Are Deep Policy Gradient Algorithms Truly Policy Gradient Algorithms? by Andrew Ilyas, et al.
Abstract:
We study how the behavior of deep policy gradient algorithms reflects the conceptual framework motivating their development. We propose a fine-grained analysis of state-of-the-art methods based on key aspects of this framework: gradient estimation, value prediction, optimization landscapes, and trust region enforcement. We find that from this perspective, the behavior of deep policy gradient algorithms often deviates from what their motivating framework would predict. Our analysis suggests first steps towards solidifying the foundations of these algorithms, and in particular indicates that we may need to move beyond the current benchmark-centric evaluation methodology.

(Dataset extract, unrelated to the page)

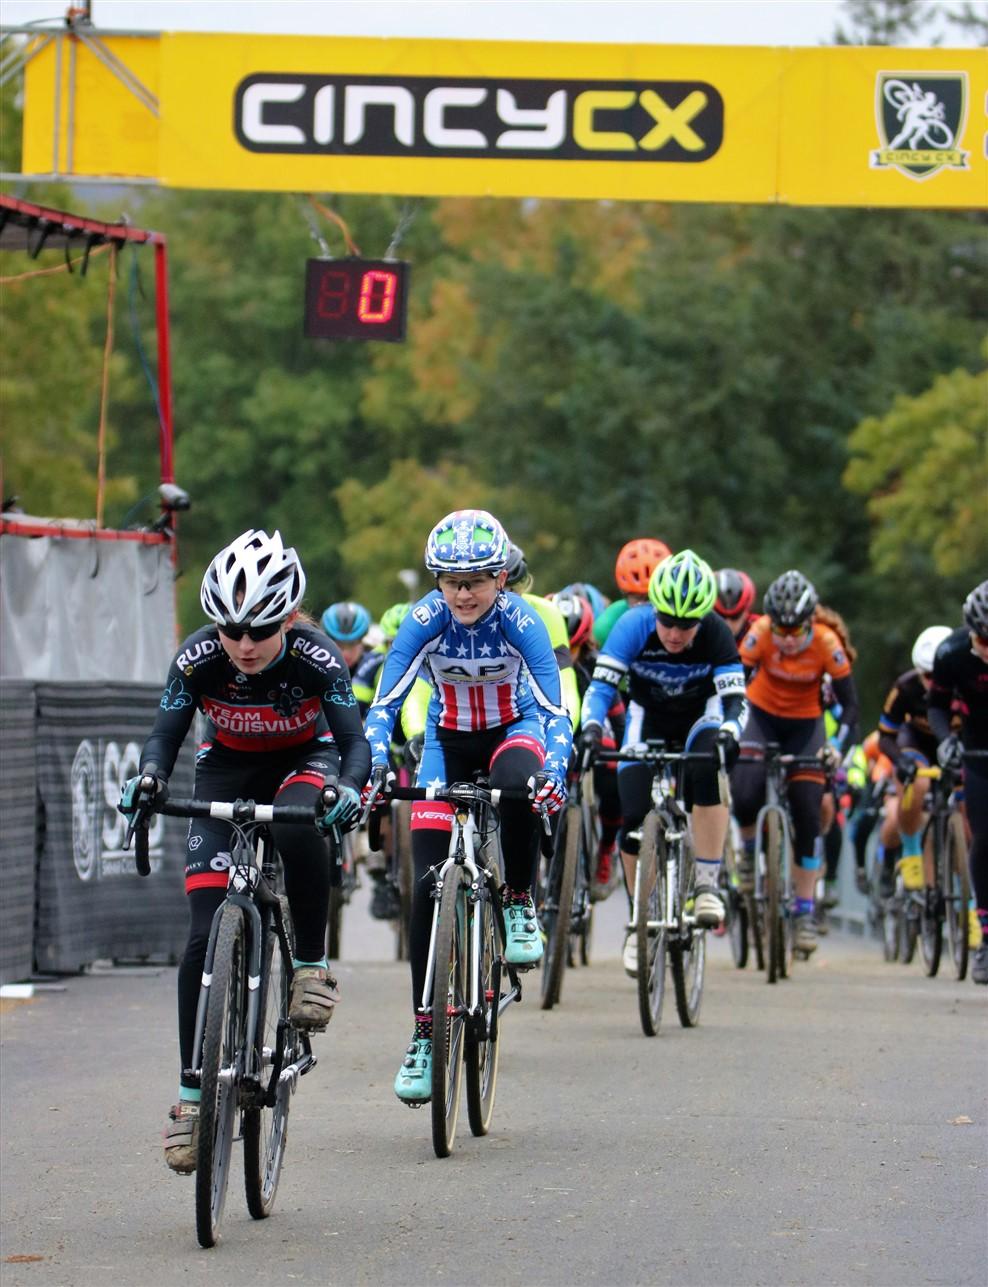 2017 10 29 66 Fairfield OH Cincinnati Cyclocross.jpg
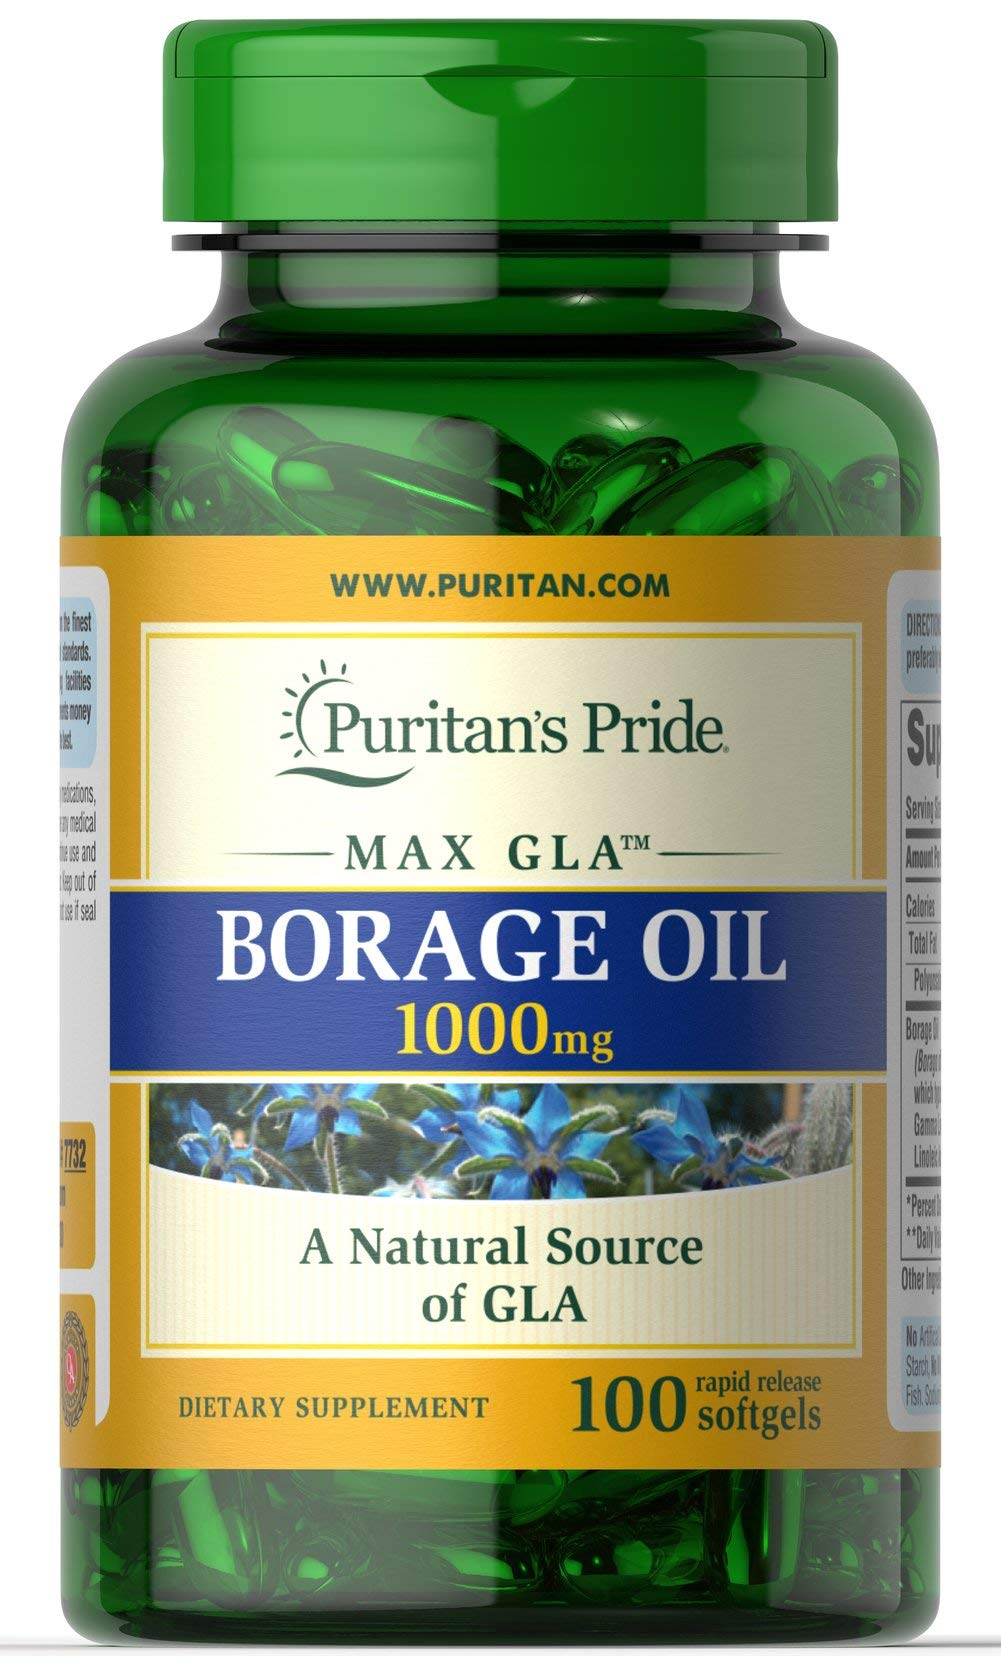 Puritans Pride Borage Oil, 1 Gram by Puritan's Pride

Although written as an evaluation of the framework for deep policy gradient algorithms with suggestions for improvement, it isn’t hard to see how the same factors create hiding places for bias in deep learning algorithms.
- Gradient Estimation: we find that even while agents are improving in terms of reward, the gradient
estimates used to update their parameters are often virtually uncorrelated with the true gradient.- Value Prediction: our experiments indicate that value networks successfully solve the supervised learning task they are trained on, but do not fit the true value function. Additionally, employing a value network as a baseline function only marginally decreases the variance of gradient estimates (but dramatically increases agent’s performance).
- Optimization Landscapes: we also observe that the optimization landscape induced by modern policy gradient algorithms is often not reflective of the underlying true reward landscape, and that the latter is often poorly behaved in the relevant sample regime.
- Trust Regions: our findings show that deep policy gradient algorithms sometimes violate theoretically motivated trust regions. In fact, in proximal policy optimization, these violations stem from a fundamental problem in the algorithm’s design.
The key take-away is that if you can’t explain the behavior of an algorithm, then how do you detect or guard against bias in such an algorithm? Or as the authors put it:
Deep reinforcement learning (RL) algorithms are rooted in a well-grounded framework of classical RL, and have shown great promise in practice. However, as our investigations uncover, this framework fails to explain much of the behavior of these algorithms. This disconnect impedes our understanding of why these algorithms succeed (or fail). It also poses a major barrier to addressing key challenges facing deep RL, such as widespread brittleness and poor reproducibility (cf. Section 4 and [3, 4]).
Do you plan on offering ignorance about your algorithms as a defense for discrimination?
Interesting.